- Lüdemann in 1974

Member of the Bundestag for Hesse
- In office 4 September 1973 – 13 December 1976
- Preceded by: Karl-Hermann Flach
- Constituency: State list

Member of the Wetzlar District Council [de]
- In office 1964–1976

Personal details
- Born: Barbara Witte 28 April 1922 Wetzlar, Free State of Prussia, Germany
- Died: 20 February 1992 (aged 69) Wetzlar, Hesse, Germany
- Party: Nazi Party (1941–1945); Free Democratic Party (1964–1992);
- Spouse: Christian Lüdemann ​ ​(m. 1950; died 1950)​
- Parent: Wilhelm Witte [de] (father)

= Barbara Lüdemann =

German politician (1922–1992)

Barbara Lüdemann (28 April 1922 – 20 February 1992) was a German teacher and politician who served in the Bundestag from 1973 until 1976. A member of the Free Democratic Party from Hesse, she became a prominent figure in German family policy, especially with regards to foster care.

== Biography ==
Barbara Witte was born on 28 April 1922 in the city of Wetzlar in Hesse to mining engineer Wilhelm Witte and his wife Hildegard Große-Leege. She joined the Nazi Party on 1 September 1941; her membership number was 8,682,984. She worked on a farm from 1938 to 1942, and studied at the agricultural pedagogical institutes in Dunzig in 1942 and in Dresden from 1944 to 1945. In 1947, she completed her state certification as a teacher of agricultural science, teaching in the towns of Alsfeld, Büdingen, and Grünberg throughout her career, as well as in Wetzlar where she was the senior teacher from 1970 to 1973. She married Christian Lüdemann – the pastor of the town of Schnega – on 14 June 1950, though he died later that year.

Lüdemann joined the Free Democratic Party in 1964. Later that year, she was elected to the Wetzlar District Council, serving until 1976. She became the FDP's deputy leader in the council in 1968. Beginning in 1970, she was also the chair of the Wetzlar branch of the Rural Women's Association. On 4 September 1973, Lüdemann was appointed to the Bundestag to succeed Karl-Hermann Flach, who died in office. While in the Bundestag, she was a member of the Economic Committee and the Committee for Youth, Family and Health; a deputy member of the Committee for Labour and Social Order; and the FDP's parliamentary spokesperson on family policy.
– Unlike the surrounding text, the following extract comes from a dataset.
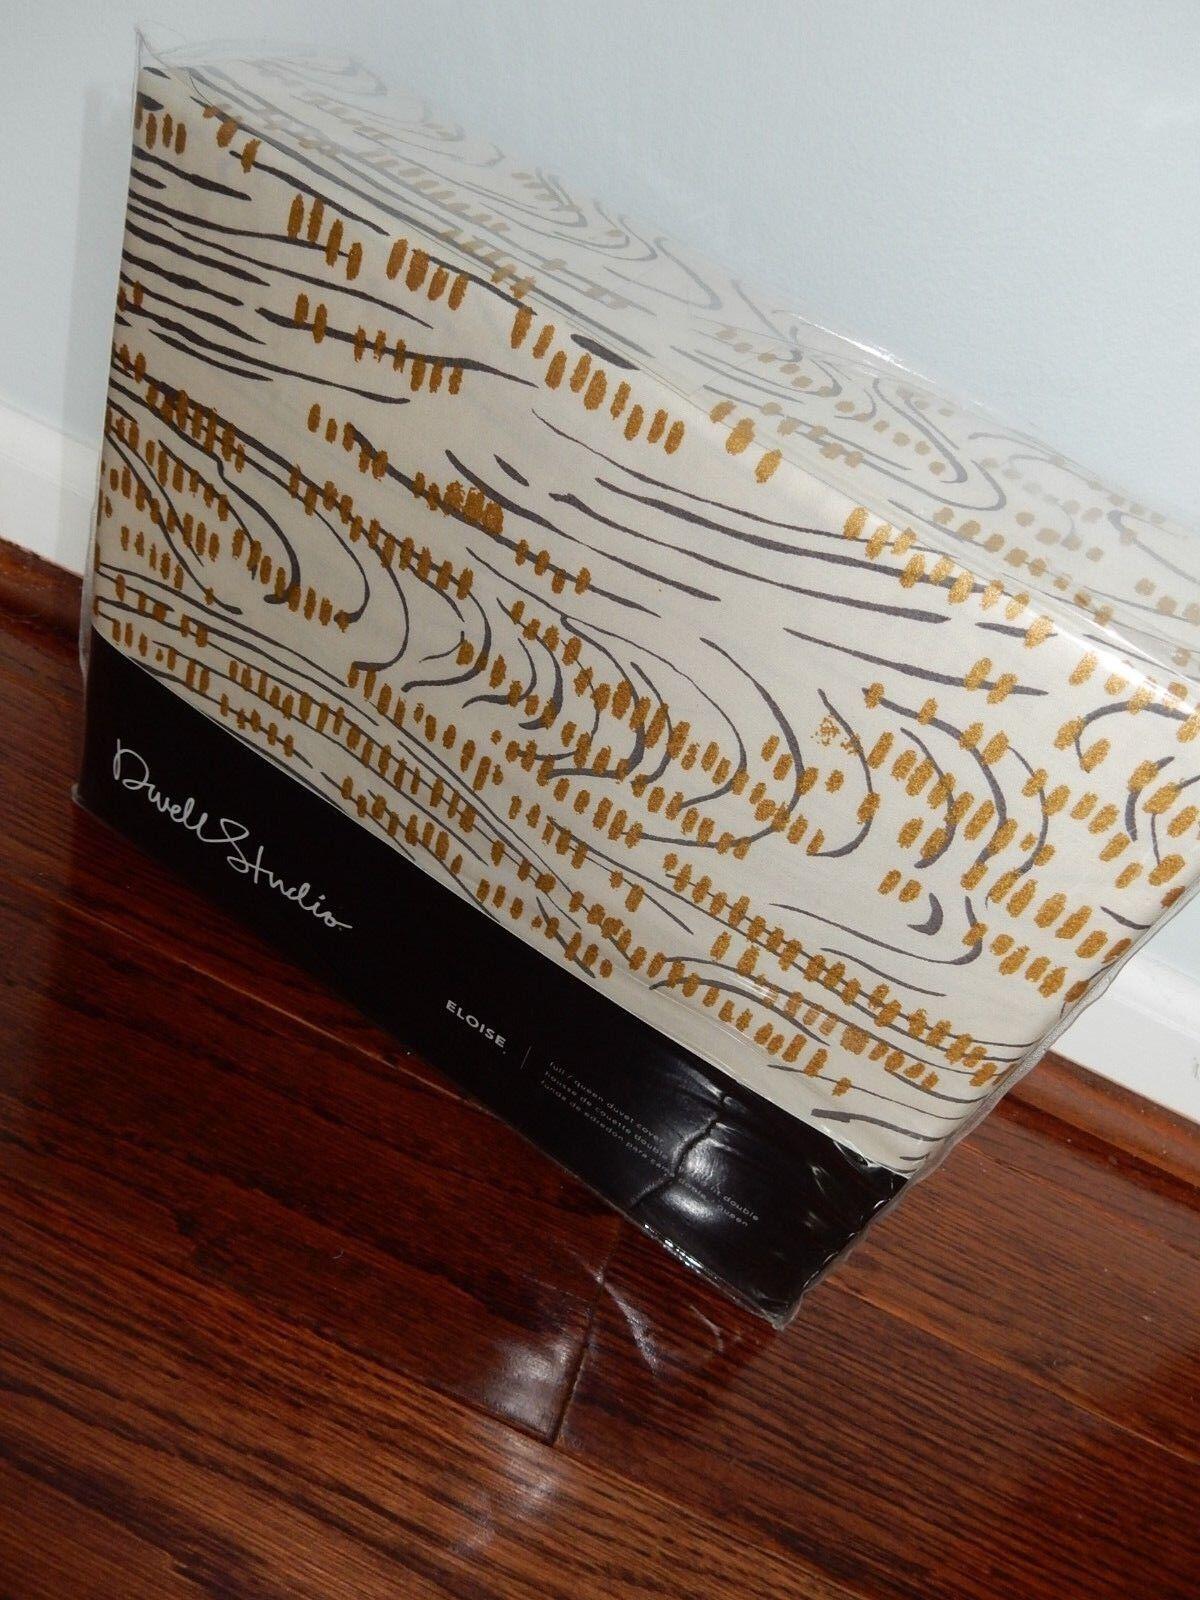 DWELL STUDIO Eloise QUEEN DUVET COVER Metallic oro BRUSH STROKE Bloomie's

During her tenures in the district council and the Bundestag, Lüdemann became a prominent figure in German family policy, especially with regards to foster care. As a district councillor, she organized local foster homes for children from Berlin. In the Bundestag, one of her main policy goals was to pass a law which stated that no foster child could be "returned to their biological parents against their will", and during debate on the Adoption Placement Act, she advocated for a legal remedy provision. In 1974, Lüdemann received criticism from the magazine Bunte, which accused her of "taking children out of homes". Despite her prominence and seniority, the FDP sidelined Lüdemann in the 1976 election in favor of a more junior candidate, pushing her down to 14th on the party's state list where she was not elected. She was also defeated in the Wetzlar constituency, receiving 8.7% of the vote. She left the Bundestag at the end of her term on 13 December 1976.

In 1975, Lüdemann was awarded the Federal Cross of Merit on Ribbon. She was also awarded the Certificate of Honor from the State of Hesse in 1979. Lüdemann died in Wetzlar on 20 February 1992.